_Available data_
========================
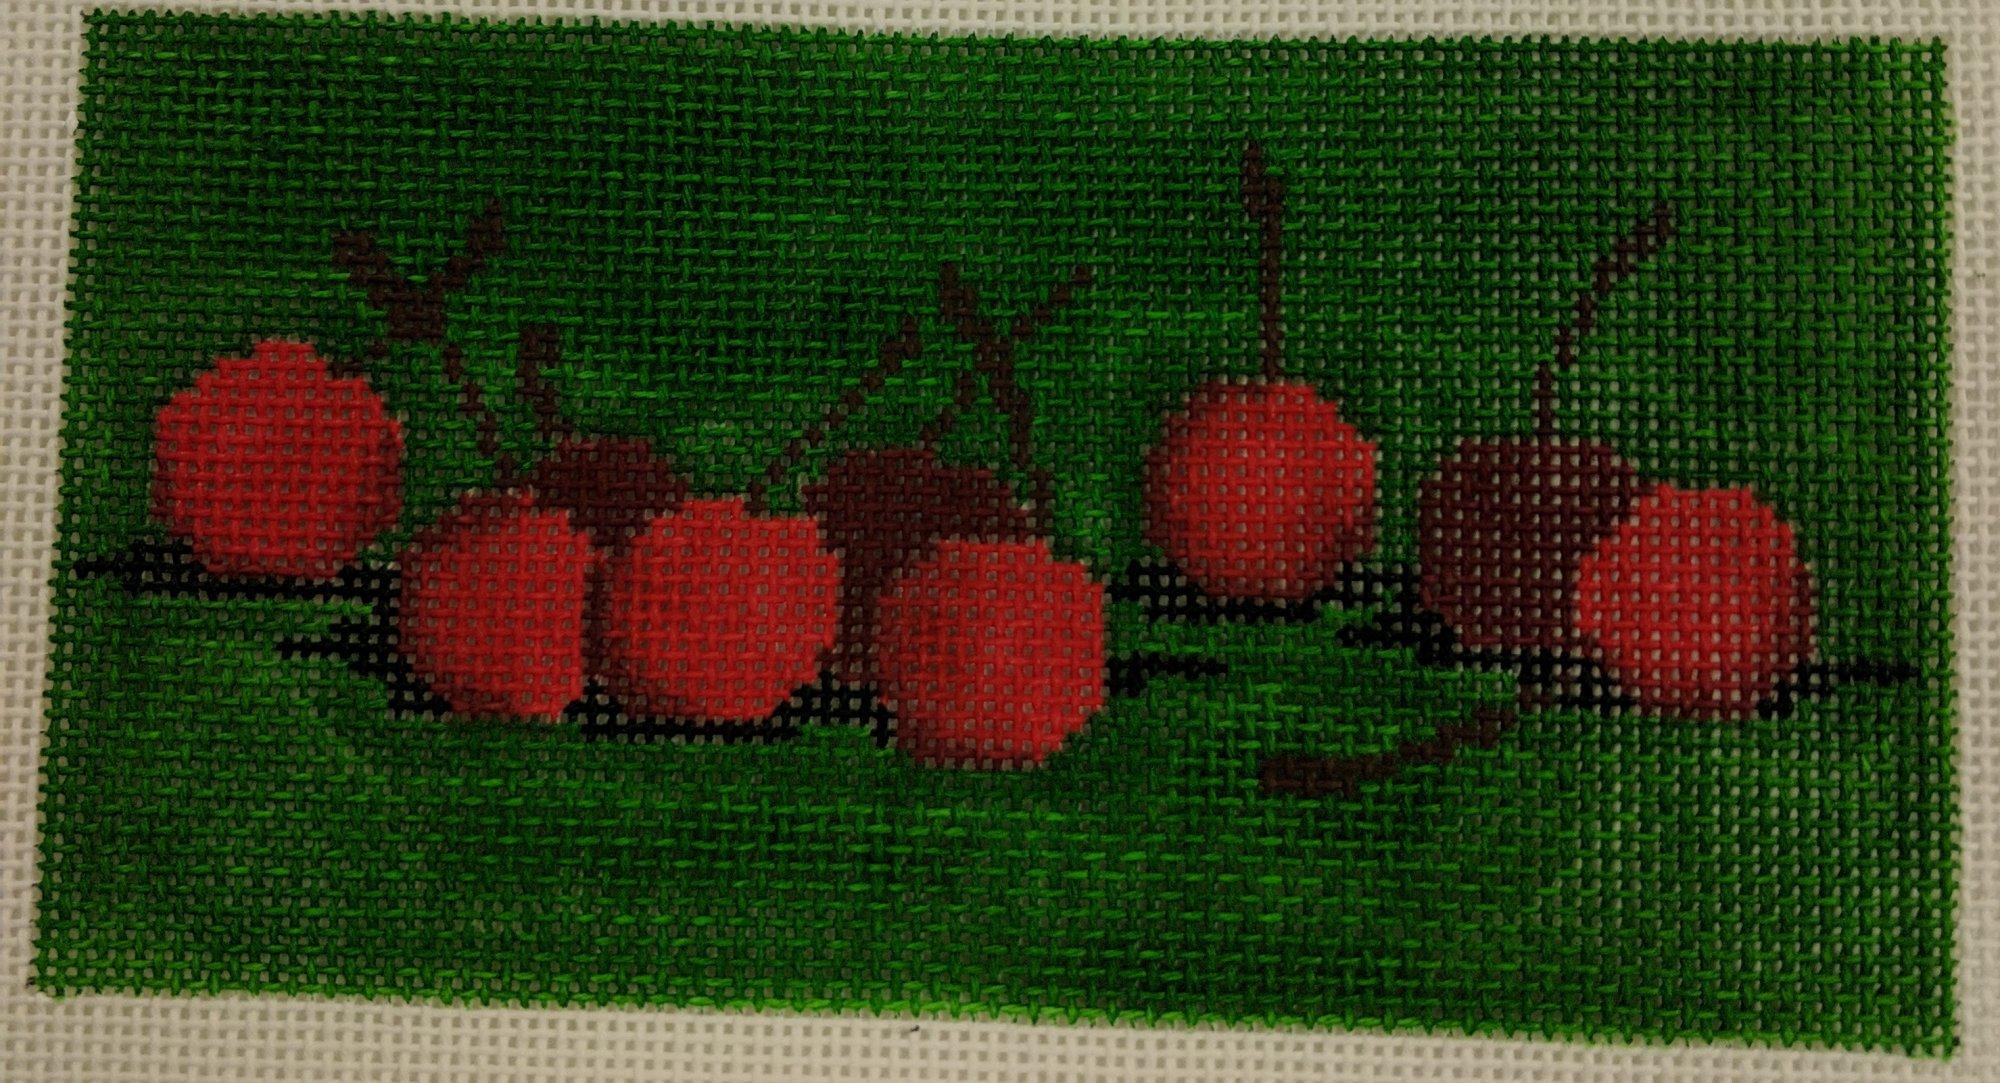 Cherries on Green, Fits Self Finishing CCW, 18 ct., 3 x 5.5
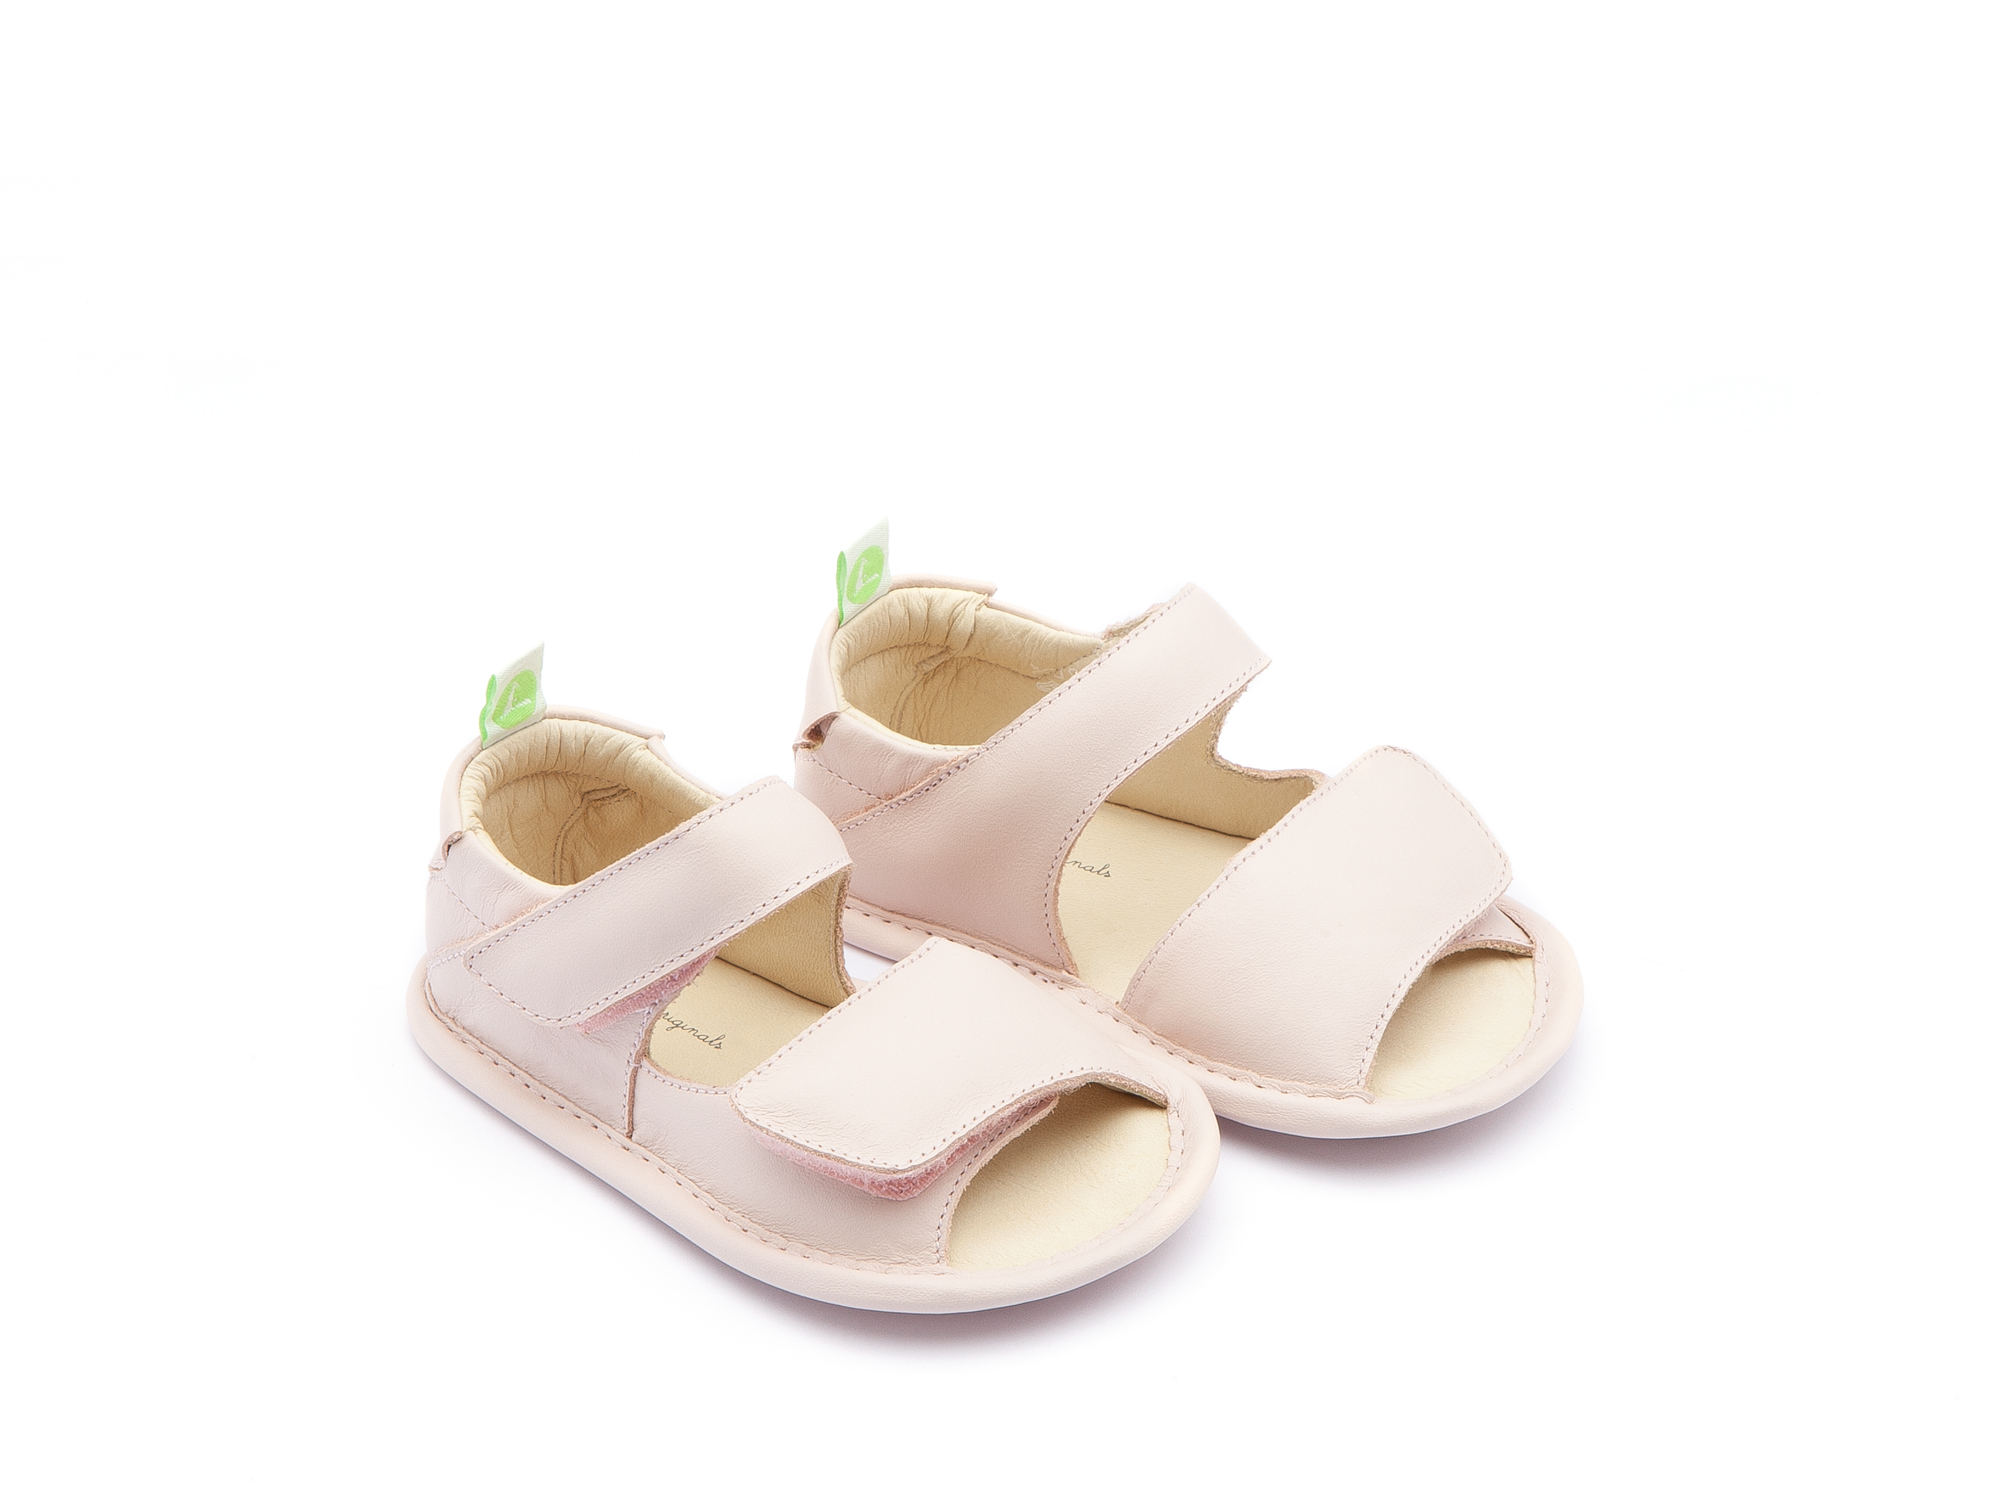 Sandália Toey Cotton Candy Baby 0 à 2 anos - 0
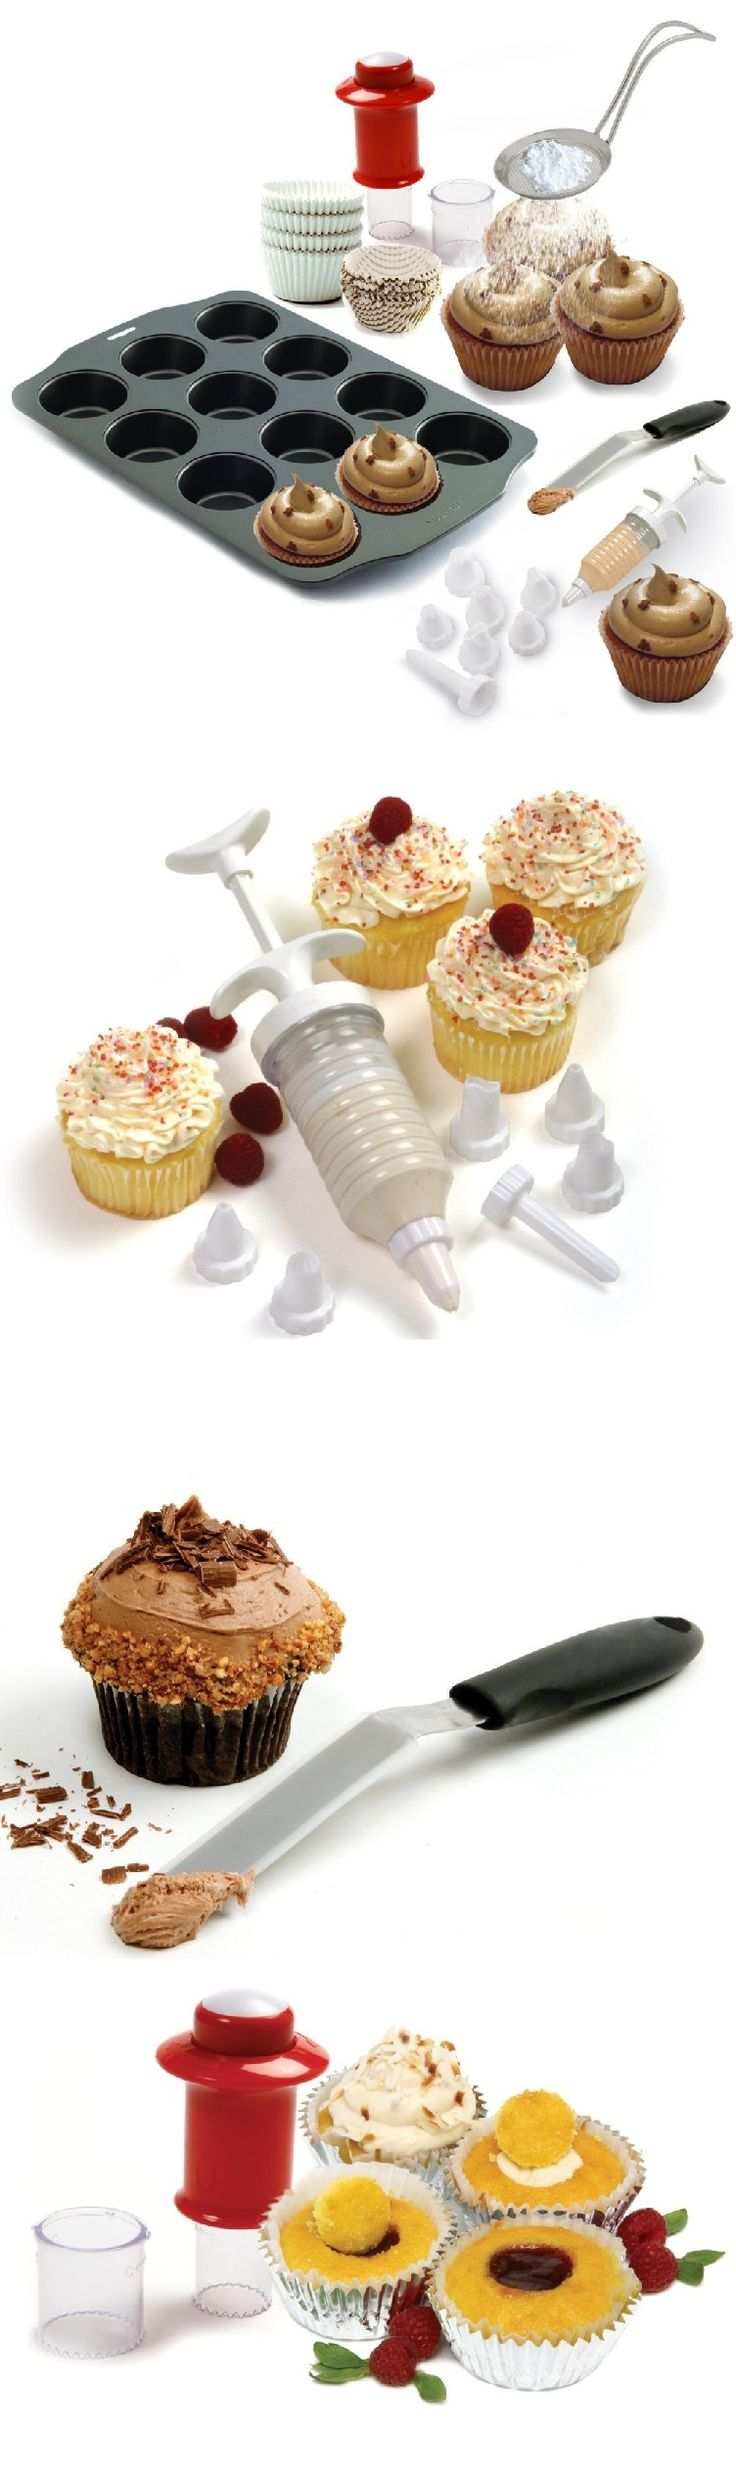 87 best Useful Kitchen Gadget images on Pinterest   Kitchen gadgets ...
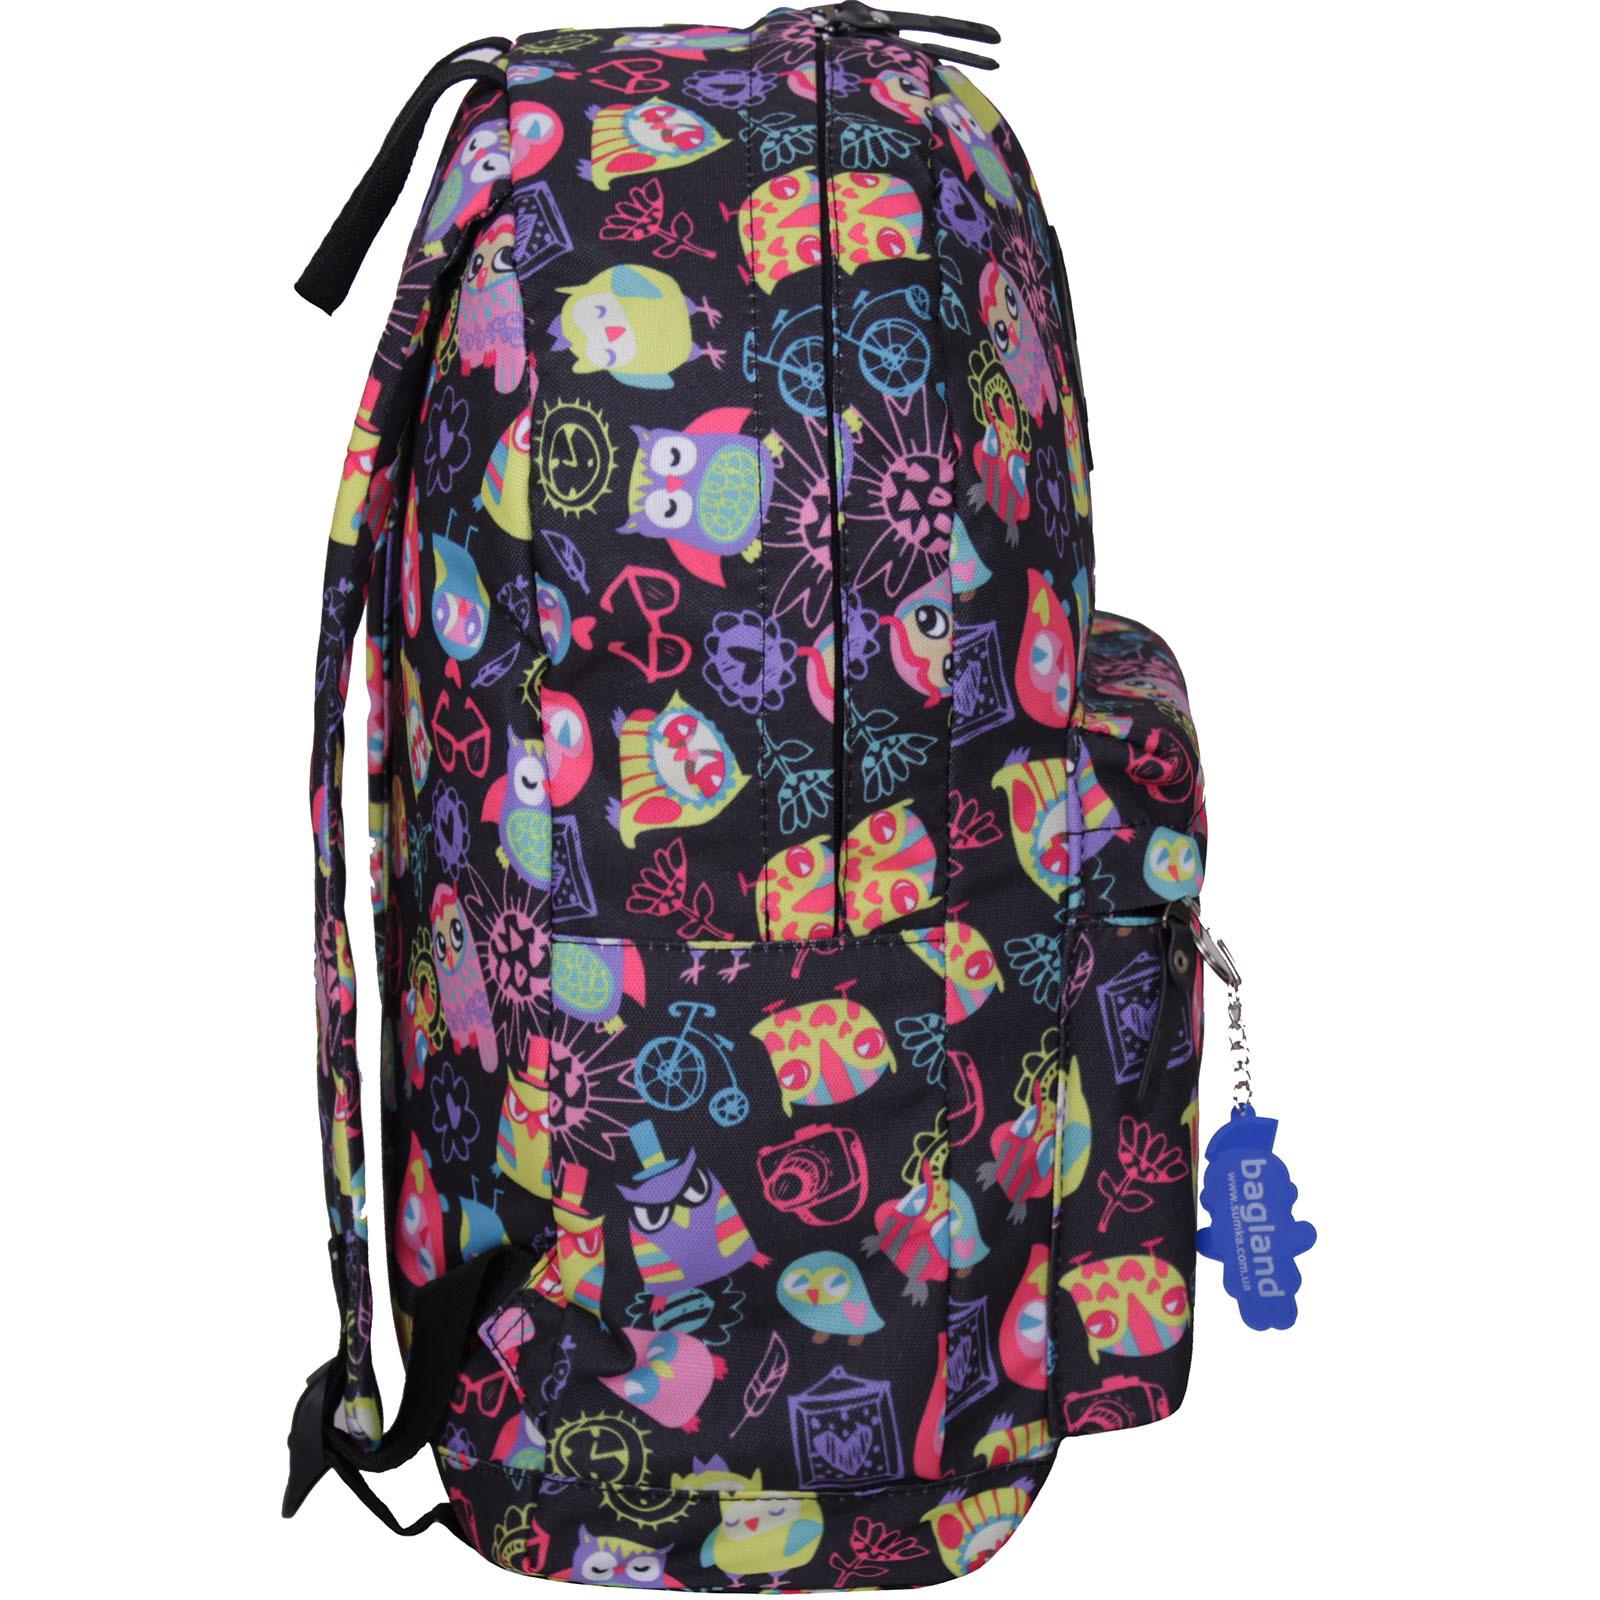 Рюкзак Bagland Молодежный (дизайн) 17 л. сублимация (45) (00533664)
========================
Your task is to repeat, word for word and with no picture, every line from the one that contains "Sandália Toey Cotton" through the last line of the data.

_Written solution_
 Sandália Toey Cotton Candy Baby 0 à 2 anos - 0
 87 best Useful Kitchen Gadget images on Pinterest   Kitchen gadgets ...
 Рюкзак Bagland Молодежный (дизайн) 17 л. сублимация (45) (00533664)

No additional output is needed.